### [Data provided]
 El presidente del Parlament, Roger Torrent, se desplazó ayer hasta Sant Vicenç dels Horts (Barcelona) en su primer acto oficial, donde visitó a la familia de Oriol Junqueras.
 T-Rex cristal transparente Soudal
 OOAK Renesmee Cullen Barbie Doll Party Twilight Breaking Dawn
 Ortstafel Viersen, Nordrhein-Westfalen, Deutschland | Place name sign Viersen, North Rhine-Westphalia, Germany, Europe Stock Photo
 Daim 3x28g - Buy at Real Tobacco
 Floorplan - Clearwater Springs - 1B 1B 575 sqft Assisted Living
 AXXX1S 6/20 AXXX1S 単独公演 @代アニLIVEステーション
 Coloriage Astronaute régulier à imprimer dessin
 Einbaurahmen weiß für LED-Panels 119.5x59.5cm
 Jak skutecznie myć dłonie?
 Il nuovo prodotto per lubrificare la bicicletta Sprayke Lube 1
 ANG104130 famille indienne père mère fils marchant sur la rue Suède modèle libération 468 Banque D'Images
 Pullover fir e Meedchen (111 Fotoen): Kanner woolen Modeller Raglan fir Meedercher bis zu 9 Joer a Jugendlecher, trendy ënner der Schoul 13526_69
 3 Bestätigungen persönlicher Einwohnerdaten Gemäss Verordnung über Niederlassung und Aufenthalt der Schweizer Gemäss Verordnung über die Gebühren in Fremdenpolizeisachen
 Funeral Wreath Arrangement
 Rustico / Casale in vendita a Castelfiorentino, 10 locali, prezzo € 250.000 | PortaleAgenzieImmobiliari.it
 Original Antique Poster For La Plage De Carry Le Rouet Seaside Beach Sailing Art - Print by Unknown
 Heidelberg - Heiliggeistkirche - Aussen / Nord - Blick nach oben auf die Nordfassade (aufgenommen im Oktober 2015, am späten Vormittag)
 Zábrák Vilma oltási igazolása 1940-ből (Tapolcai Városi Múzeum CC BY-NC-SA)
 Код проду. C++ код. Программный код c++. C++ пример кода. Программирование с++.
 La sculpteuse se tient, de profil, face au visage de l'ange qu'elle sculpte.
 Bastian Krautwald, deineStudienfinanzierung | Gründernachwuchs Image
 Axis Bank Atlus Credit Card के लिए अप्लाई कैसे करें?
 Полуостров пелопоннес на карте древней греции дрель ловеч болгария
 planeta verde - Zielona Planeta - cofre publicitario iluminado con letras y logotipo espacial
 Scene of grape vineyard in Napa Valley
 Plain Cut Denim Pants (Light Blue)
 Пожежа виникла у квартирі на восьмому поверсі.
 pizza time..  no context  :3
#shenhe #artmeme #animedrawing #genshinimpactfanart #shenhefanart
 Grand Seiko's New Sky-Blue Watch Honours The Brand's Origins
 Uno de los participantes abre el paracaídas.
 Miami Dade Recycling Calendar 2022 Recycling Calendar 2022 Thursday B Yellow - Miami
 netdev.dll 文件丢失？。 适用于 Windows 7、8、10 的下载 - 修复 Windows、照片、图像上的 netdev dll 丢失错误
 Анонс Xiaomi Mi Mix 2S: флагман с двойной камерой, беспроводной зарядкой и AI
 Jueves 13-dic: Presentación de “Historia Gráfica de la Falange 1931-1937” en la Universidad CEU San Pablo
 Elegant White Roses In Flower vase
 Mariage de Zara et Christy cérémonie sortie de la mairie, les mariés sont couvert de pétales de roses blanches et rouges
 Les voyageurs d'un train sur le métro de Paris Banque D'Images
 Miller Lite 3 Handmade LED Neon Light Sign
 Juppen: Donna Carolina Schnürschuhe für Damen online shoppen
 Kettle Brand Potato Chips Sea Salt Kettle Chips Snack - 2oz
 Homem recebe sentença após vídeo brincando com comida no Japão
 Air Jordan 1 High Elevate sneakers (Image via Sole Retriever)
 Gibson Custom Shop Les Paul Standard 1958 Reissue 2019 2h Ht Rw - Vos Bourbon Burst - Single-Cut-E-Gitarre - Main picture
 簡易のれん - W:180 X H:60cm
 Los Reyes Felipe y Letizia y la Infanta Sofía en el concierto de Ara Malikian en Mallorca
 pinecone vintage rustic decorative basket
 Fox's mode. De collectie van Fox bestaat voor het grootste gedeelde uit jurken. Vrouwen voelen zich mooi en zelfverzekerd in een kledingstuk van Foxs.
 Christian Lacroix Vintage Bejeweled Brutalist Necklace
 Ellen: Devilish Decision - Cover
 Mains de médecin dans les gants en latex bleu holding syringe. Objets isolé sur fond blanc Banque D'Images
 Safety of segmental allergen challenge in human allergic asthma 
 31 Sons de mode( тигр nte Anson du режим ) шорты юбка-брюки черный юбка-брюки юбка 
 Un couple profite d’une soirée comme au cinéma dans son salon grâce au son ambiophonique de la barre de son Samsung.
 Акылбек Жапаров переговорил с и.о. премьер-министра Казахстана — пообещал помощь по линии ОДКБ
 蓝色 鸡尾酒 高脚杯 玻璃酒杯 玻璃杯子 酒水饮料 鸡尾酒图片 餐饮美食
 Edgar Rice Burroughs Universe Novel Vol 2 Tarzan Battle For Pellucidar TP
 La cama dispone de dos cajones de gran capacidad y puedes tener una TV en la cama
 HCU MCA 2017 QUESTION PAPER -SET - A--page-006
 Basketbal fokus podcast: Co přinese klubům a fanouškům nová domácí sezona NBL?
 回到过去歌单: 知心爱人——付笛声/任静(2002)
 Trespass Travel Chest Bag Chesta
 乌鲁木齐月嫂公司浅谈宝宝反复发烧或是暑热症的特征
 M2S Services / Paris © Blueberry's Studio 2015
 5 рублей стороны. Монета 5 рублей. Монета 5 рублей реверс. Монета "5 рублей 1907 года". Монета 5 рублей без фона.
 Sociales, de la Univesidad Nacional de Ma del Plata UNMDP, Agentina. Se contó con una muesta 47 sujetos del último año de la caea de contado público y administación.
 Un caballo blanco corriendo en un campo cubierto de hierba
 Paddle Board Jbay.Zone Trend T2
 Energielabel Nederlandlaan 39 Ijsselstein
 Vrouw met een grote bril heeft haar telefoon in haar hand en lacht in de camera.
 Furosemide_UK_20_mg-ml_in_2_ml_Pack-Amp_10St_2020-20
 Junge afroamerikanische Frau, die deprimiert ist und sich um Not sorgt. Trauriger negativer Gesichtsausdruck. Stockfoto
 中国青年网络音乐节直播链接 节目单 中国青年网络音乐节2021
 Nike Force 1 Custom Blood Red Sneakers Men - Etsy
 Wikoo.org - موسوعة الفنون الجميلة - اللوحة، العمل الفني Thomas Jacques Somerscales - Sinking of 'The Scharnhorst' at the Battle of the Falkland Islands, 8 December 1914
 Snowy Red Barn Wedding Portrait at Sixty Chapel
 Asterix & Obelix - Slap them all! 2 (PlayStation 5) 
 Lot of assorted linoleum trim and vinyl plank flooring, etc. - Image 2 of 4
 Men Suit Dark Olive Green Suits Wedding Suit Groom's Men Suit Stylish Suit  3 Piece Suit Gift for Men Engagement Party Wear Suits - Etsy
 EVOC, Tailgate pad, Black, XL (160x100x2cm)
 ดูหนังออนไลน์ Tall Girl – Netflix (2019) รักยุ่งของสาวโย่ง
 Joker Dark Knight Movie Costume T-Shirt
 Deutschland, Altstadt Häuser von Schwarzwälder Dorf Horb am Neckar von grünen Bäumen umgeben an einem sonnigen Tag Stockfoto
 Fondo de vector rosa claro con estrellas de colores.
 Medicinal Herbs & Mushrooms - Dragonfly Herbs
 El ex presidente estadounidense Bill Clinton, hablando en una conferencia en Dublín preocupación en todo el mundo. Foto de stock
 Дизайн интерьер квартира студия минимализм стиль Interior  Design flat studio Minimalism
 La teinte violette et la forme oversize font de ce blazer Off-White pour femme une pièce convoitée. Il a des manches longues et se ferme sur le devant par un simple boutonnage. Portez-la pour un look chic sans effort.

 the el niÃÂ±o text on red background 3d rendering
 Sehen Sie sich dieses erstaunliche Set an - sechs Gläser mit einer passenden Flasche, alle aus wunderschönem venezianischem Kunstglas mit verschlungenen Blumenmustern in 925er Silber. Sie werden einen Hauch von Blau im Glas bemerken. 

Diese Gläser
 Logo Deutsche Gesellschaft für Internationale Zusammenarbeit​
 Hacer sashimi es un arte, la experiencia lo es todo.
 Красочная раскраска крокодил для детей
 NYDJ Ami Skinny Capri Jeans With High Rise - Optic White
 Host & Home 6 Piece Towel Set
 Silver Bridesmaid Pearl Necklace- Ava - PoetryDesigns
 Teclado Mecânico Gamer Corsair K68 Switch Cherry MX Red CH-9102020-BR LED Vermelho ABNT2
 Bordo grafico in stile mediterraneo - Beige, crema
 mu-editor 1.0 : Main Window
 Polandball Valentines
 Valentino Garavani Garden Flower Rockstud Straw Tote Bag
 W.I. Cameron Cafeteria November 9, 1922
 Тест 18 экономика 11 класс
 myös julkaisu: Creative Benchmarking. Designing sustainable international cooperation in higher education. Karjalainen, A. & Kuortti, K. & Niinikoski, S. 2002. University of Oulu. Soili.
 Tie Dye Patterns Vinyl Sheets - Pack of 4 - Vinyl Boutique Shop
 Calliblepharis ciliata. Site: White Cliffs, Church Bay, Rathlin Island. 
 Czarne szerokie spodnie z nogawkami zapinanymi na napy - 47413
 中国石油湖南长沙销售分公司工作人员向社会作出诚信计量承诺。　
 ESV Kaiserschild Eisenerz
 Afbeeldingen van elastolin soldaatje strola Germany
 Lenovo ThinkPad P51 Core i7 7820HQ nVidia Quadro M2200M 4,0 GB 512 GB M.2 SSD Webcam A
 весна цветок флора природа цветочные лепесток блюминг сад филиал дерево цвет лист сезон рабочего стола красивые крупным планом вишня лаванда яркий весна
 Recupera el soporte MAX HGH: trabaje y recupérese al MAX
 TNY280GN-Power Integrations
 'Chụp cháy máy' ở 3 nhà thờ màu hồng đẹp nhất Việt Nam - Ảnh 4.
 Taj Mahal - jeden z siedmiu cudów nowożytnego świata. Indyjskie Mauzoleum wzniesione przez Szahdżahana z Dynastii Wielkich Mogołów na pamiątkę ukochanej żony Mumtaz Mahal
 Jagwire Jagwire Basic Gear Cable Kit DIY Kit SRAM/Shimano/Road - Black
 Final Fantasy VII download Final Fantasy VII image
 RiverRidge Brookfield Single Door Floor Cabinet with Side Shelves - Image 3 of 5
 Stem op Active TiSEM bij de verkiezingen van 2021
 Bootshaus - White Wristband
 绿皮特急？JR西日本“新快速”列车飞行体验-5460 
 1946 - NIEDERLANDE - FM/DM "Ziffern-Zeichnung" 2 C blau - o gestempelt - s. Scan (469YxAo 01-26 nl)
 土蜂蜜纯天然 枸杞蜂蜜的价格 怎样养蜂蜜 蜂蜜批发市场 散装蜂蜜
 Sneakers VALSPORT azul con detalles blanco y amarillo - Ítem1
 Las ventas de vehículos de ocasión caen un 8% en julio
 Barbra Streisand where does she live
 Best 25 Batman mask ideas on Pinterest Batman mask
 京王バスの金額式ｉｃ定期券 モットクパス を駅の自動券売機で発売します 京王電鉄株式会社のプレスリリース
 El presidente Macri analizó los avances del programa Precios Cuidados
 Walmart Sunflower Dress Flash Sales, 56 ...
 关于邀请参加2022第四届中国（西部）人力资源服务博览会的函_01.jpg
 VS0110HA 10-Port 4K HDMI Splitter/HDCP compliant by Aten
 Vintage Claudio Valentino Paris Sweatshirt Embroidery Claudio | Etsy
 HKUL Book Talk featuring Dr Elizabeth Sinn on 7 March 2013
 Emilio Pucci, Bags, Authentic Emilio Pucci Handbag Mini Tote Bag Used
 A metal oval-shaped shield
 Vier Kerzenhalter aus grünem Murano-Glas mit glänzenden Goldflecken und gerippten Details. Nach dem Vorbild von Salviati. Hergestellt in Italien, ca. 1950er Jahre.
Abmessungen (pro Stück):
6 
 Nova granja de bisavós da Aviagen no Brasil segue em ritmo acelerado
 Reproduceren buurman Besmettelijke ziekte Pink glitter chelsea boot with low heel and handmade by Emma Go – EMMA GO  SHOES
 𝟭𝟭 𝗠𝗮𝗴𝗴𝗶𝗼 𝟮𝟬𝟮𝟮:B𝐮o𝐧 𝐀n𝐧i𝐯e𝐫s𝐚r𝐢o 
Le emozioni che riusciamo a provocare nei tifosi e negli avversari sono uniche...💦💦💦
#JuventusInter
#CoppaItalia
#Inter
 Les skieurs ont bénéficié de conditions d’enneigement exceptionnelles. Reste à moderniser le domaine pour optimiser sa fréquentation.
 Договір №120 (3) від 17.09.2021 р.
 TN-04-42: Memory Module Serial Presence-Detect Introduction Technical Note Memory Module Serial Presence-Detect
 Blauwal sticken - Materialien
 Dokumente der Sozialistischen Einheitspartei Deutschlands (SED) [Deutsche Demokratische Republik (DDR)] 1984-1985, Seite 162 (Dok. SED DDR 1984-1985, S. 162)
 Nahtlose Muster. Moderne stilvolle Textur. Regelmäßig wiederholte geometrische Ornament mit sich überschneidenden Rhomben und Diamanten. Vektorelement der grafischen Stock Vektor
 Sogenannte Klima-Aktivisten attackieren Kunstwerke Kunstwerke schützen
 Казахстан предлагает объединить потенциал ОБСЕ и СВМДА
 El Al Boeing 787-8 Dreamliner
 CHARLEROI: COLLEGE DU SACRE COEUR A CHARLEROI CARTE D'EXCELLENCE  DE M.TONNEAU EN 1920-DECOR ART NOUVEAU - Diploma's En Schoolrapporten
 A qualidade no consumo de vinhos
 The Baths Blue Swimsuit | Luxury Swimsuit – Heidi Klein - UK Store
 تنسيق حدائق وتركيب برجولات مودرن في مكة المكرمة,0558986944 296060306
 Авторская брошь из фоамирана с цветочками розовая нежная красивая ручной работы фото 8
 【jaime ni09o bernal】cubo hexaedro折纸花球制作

### [Description of the task]
Out of the material above, output word for word the line with "Diese Gläser", the line with "Calliblepharis ciliata. Site: White", and all lines between them, with nothing else.

### [Response below]
Diese Gläser
 Logo Deutsche Gesellschaft für Internationale Zusammenarbeit​
 Hacer sashimi es un arte, la experiencia lo es todo.
 Красочная раскраска крокодил для детей
 NYDJ Ami Skinny Capri Jeans With High Rise - Optic White
 Host & Home 6 Piece Towel Set
 Silver Bridesmaid Pearl Necklace- Ava - PoetryDesigns
 Teclado Mecânico Gamer Corsair K68 Switch Cherry MX Red CH-9102020-BR LED Vermelho ABNT2
 Bordo grafico in stile mediterraneo - Beige, crema
 mu-editor 1.0 : Main Window
 Polandball Valentines
 Valentino Garavani Garden Flower Rockstud Straw Tote Bag
 W.I. Cameron Cafeteria November 9, 1922
 Тест 18 экономика 11 класс
 myös julkaisu: Creative Benchmarking. Designing sustainable international cooperation in higher education. Karjalainen, A. & Kuortti, K. & Niinikoski, S. 2002. University of Oulu. Soili.
 Tie Dye Patterns Vinyl Sheets - Pack of 4 - Vinyl Boutique Shop
 Calliblepharis ciliata. Site: White Cliffs, Church Bay, Rathlin Island. 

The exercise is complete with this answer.